Bhuj The Pride Of India Movie Review: Sharad Kelkar wins hearts in new Ajay Devgn film

Bhuj The Pride Of India Movie Review: Even with Ajay Devgn looking all suave in that Air Force uniform, for us, the film belongs to Sharad Kelkar.

Movie Name: Bhuj: The Pride of India
Cast: Ajay Devgn, Sanjay Dutt, Sonakshi Sinha
Director: Abhishek Dudhaiya

300 against a battalion. The story of how the airstrip at Bhuj, Gujarat was rebuilt in just about 72 hours in December 1971, after it was bombed down by Pakistani jets, is one of those war stories that fills your heart up with pride. Ajay Devgn as Indian Air Force Squadron Leader Vijay Karnik, in Disney+Hotstar’s Bhuj: The Pride Of India, brings you that true story against the backdrop of the Indo-Pak War of 1971. Arousing as it is, it is not without exaggeration.

Bhuj: The Pride Of India opens to the very fight that destroyed the airstrip. Unprepared and helpless soldiers at the Bhuj airbase ran helter-skelter as Pakistani jets dropped bomb after bomb. The devastation both on land and in their eyes was enough to let your heart sink for a moment. How would Karnik salvage the situation? And if he fails, one of India’s most important airbases stands to be captured by the enemy. At this point, there is no othering, Pakistan and India are truly at war in East Pakistan, today’s Bangladesh. And Bhuj is key for both nations as an attack in the west will only act as a blow to India’s focus on the eastern frontiers.
As IAF Squadron Leader Vijay Karnik, Ajay Devgn is well within his comfort zone. His quiet but resolute stares quickly establish him as a calculating, dependable Indian soldier who will save the day. That bits and pieces of news articles from the time still remain in the public psyche certainly helped. But Karnik is not the only hero in the story, and that’s where Bhuj, the film, and Bhuj the true events diverge, at least in director Abhishek Dudhaiya’s vision. Military officer RK Nair, brought to life by Sharad Kelkar, Ranchhod Pagi, played by Sanjay Dutt, Flight Lieutenant Vikram Singh, essayed by a superb Ammy Virk, and the women of Madhapar, a village in Bhuj, headed by Sonakshi Sinha’s Sunderben Jetha, demand as much a share of the pie.

Even as Bhuj, the film, meticulously narrates their plight, shows them fighting, bleeding, dying, the focus and the camera remains firmly on Ajay. Though Sharad and Sanjay have been given some dramatic dialogues, the film clearly establishes a hierarchy – Bhuj: The Pride of India is headlined by Ajay Devgn.

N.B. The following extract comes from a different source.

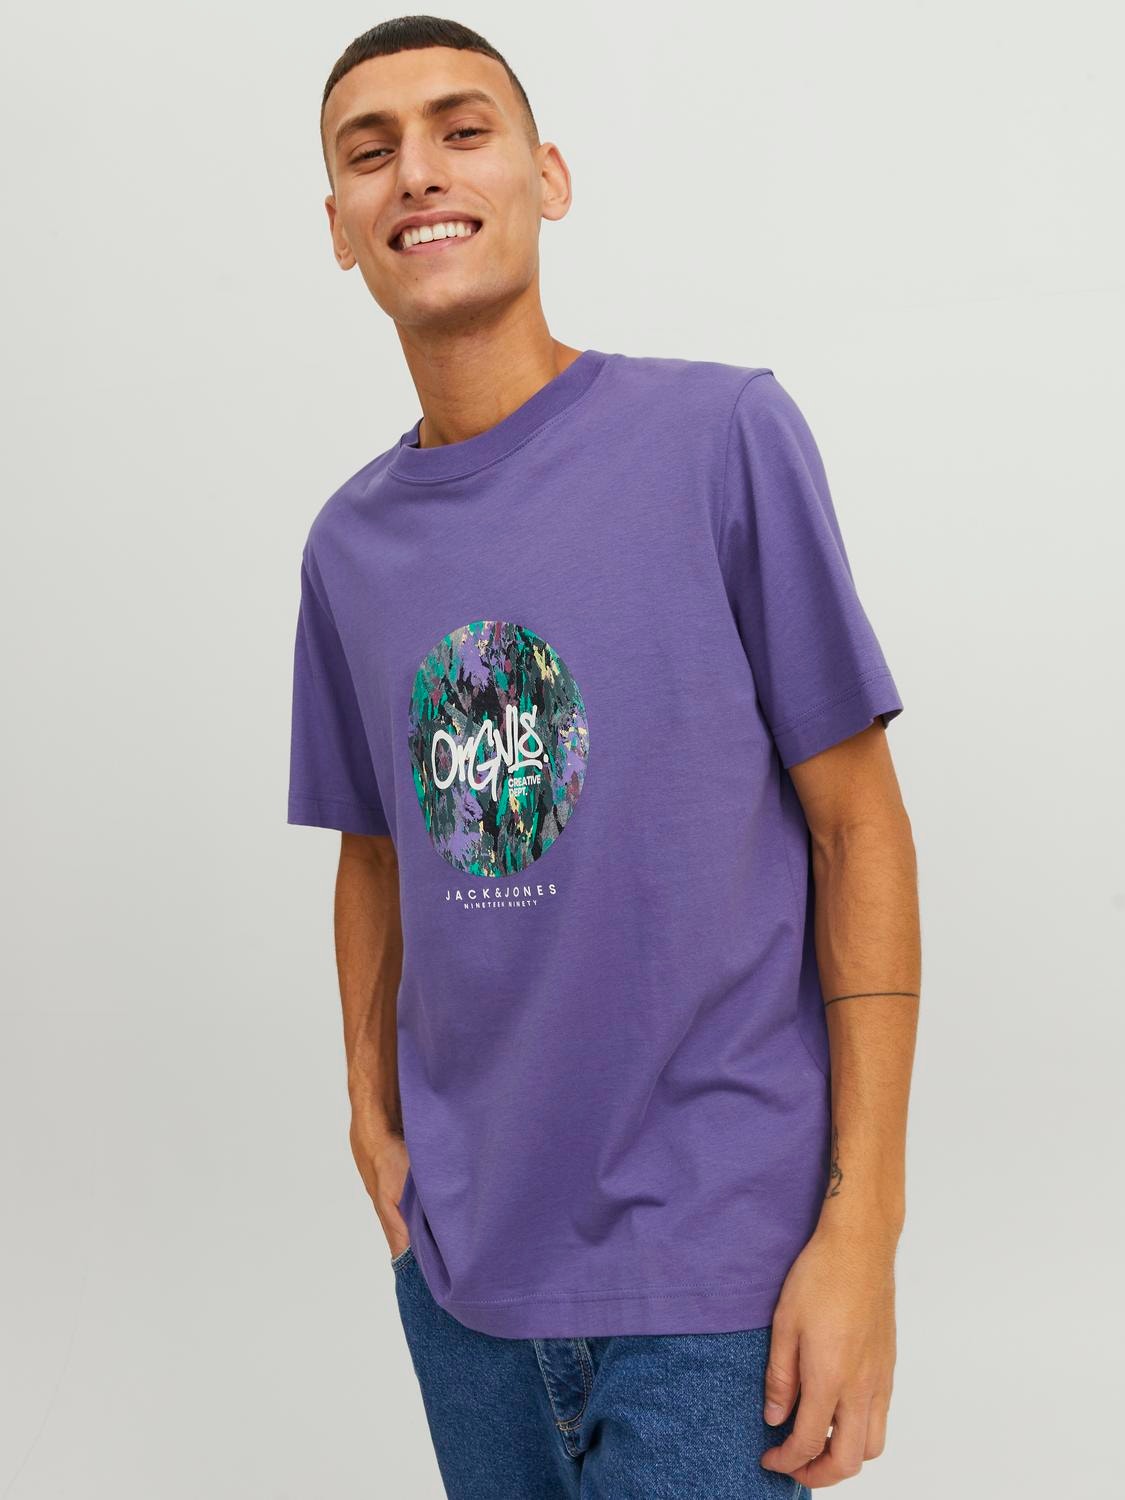 Jack & Jones Gedruckt Rundhals T-shirt -Twilight Purple - 12240120
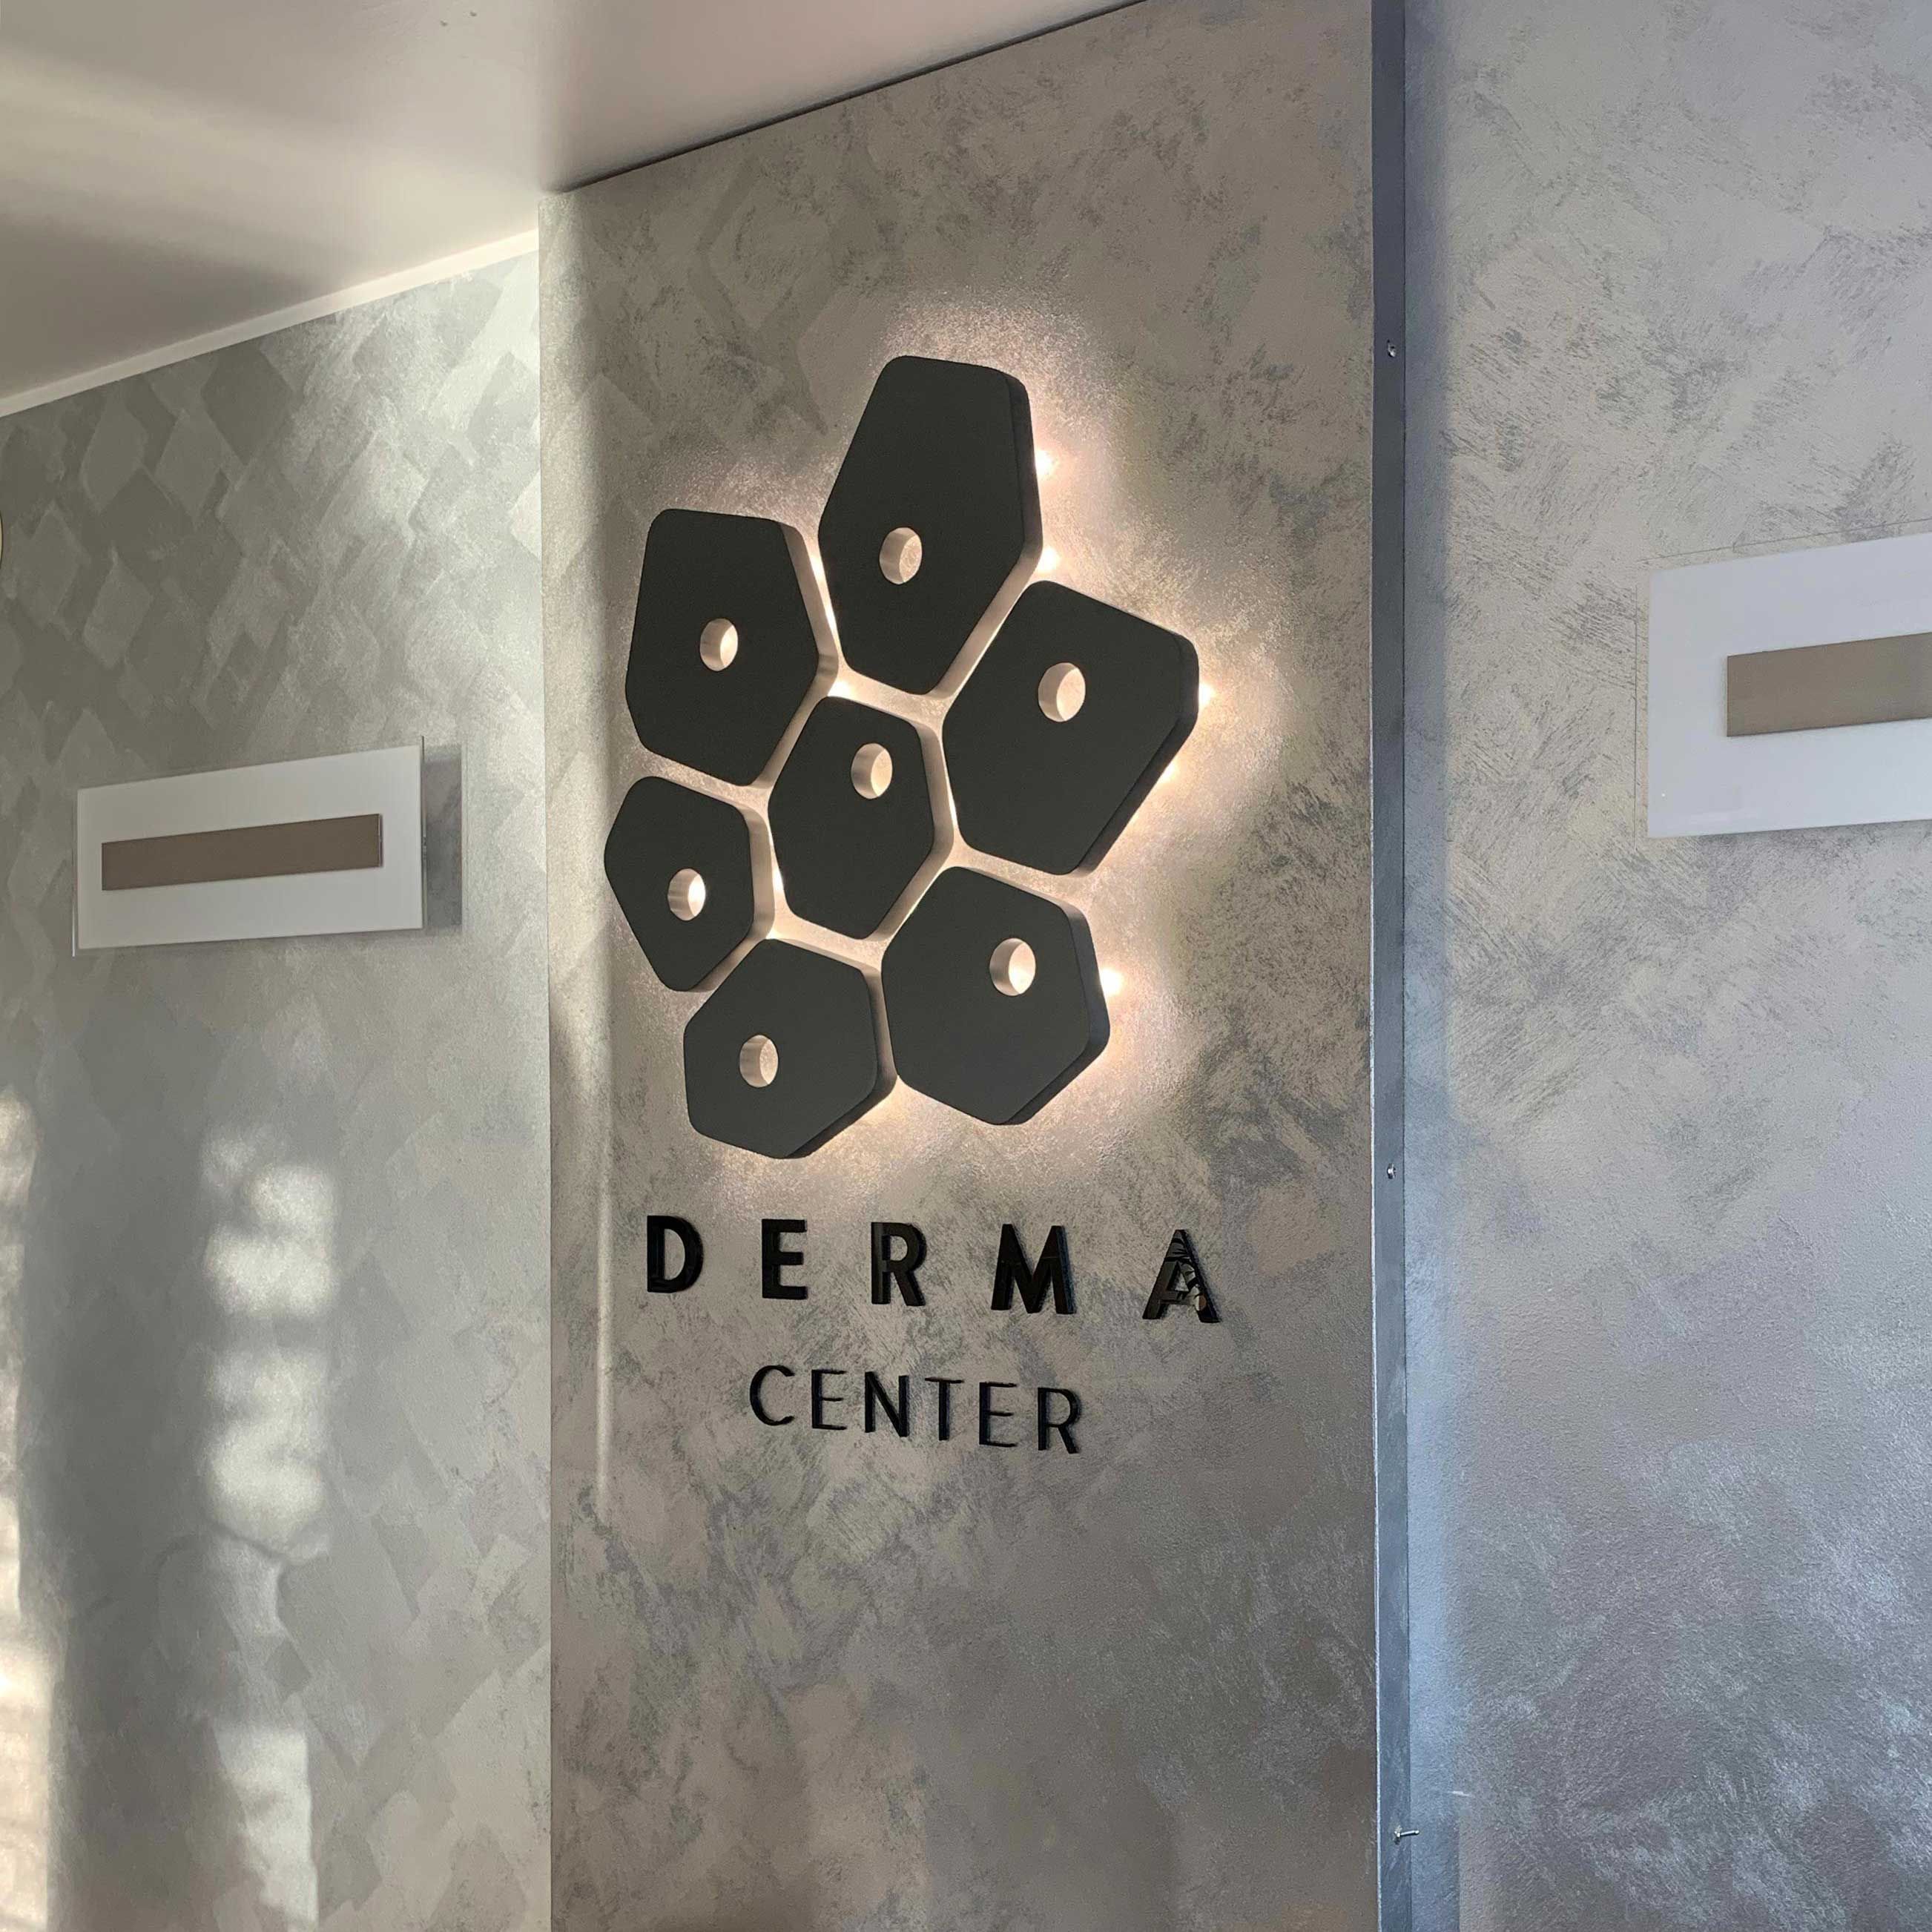 Derma Center, insegna reception

The women in the film have it worse still. Nora Fatehi as Heena Rehman, an Indian spy in Pakistan, had more screen-time ratio in the trailer than in the film. Sonakshi, on the other hand, again with some arousing dialogues, is reduced to both literal and figurative drum-beating. In terms of performances, it is hard to comment considering both Nora and Sonakshi had so little scope.

At 150-odd minutes, which might seem a tab bit long for OTT viewing, even with the unnecessary drumming and dialogues, Bhuj goes on smoothly. The picturisation is perfect, the post-effects ensure the war scenes were seen and felt, although the editing in the scene transition aspect could have been tighter. As for the factual errors, you can watch this to find out. There’s but one scene which ticks the product-placement box, we shall let you see it yourself when you do.

Final thoughts? Even with Ajay Devgn walking in slow motion, looking all suave in that IAF uniform, for us, the film belongs to Sharad Kelkar. And that’s a shame; this is his second Disney+Hotstar film where despite being the clear hero, he remains in the shadow of the bigger star. Which was the first film, you ask? Laxxmi.